それだけで十分だった。全員がガタッと席を立って会議室を出る。犯人を追いかける者、聞きこみに回る者、それぞれの立場こそ違えど全員の思いは1つに集約されていた。たった1つの目的の為に皆が外へと飛び出す。もちろん高杉といえど例外ではない、住民への防犯指導が主な仕事だが、それでも皆を護るという事に変わりはないのだ。斉藤課長に今の仕事の報告とこれからの予定をおおまかに話して、決意を新たに警察署のドアを飛び出した。


その少女に出会ったのは、決意を固めた数分後の事だった。太陽が沈みかけ夕焼けが空半分を占めている時刻、公園のブランコに1人揺られていた。それは小さな女の子だった。肌の色は白く、大きな一重の目。髪は腰まであるロングヘアーで、背は山田君より少し小さい程度。赤色のワンピースがよく似合ってた。歳は10歳前後、3件目の被害者と同じ位の年齢に感じられた。そう思うと急にこの子が心配になってきた。
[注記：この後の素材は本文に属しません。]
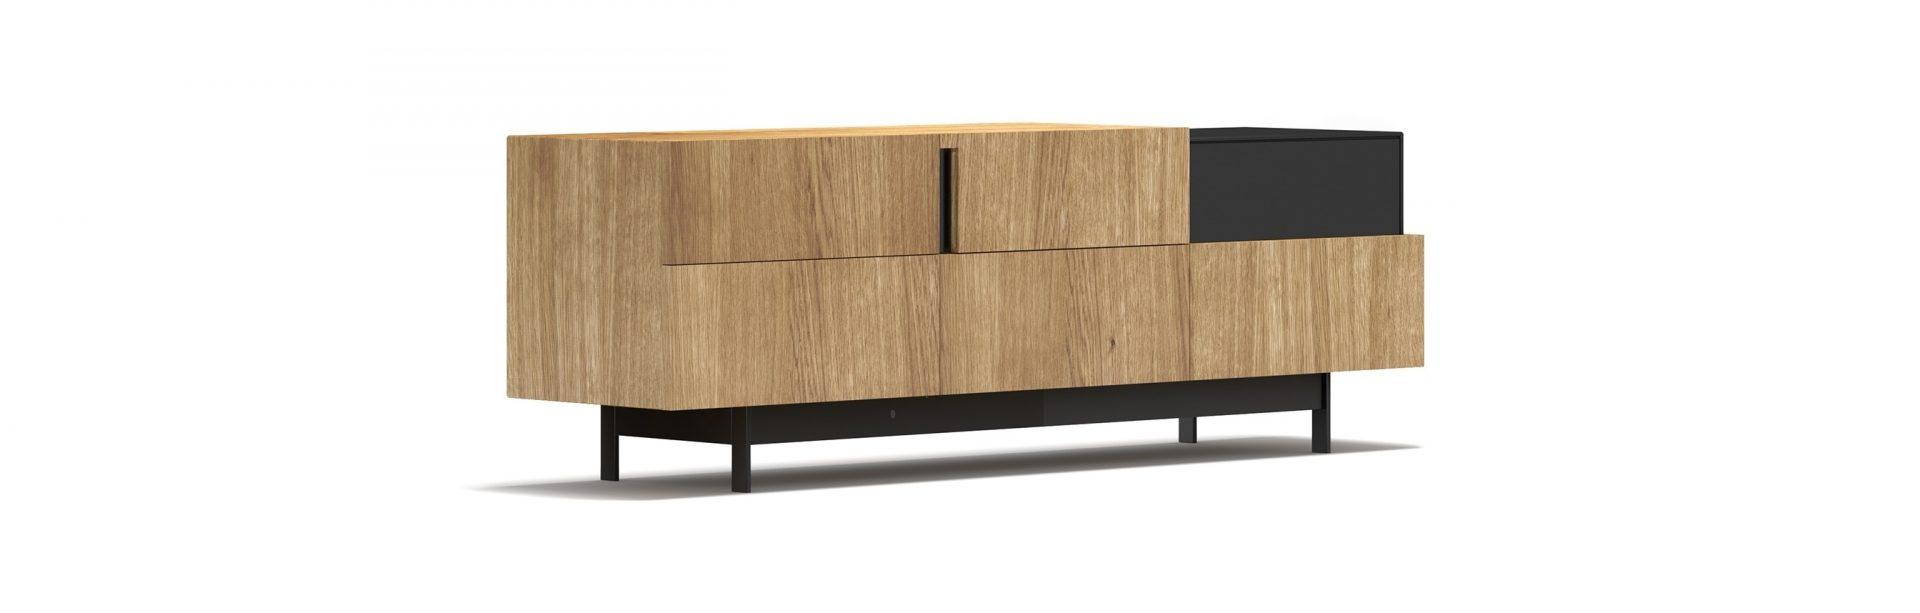 Oh Sofa - szafka TV Tetris 3

その女の子はただ1人無表情でブランコを漕いでいる。誰かと遊んでいたようには見えないし、誰かを待ち合せているようにも見えない。行き場の無くなった大人が講演や駅のベンチで佇んでいる。そんな風景を連想させた。ブランコにそっと近づき、その子に話しかける。

「お嬢ちゃん、こんな時間まで一人遊びしていたらあぶないよ。早くお家に帰らないと」
そう言えば帰ると思っていた。もしくは大丈夫だよと生意気な返答が返ってくると思っていた。しかし返ってきた言葉はどちらの予想からも外れていた。
「お家?何それぇ?」
家は家としか答えようがない。まさかこの年でホームレスという訳でもないだろう。服はきちんとしているし、身なりだって奇麗だ。高杉は少女に家の意味を教えてあげる。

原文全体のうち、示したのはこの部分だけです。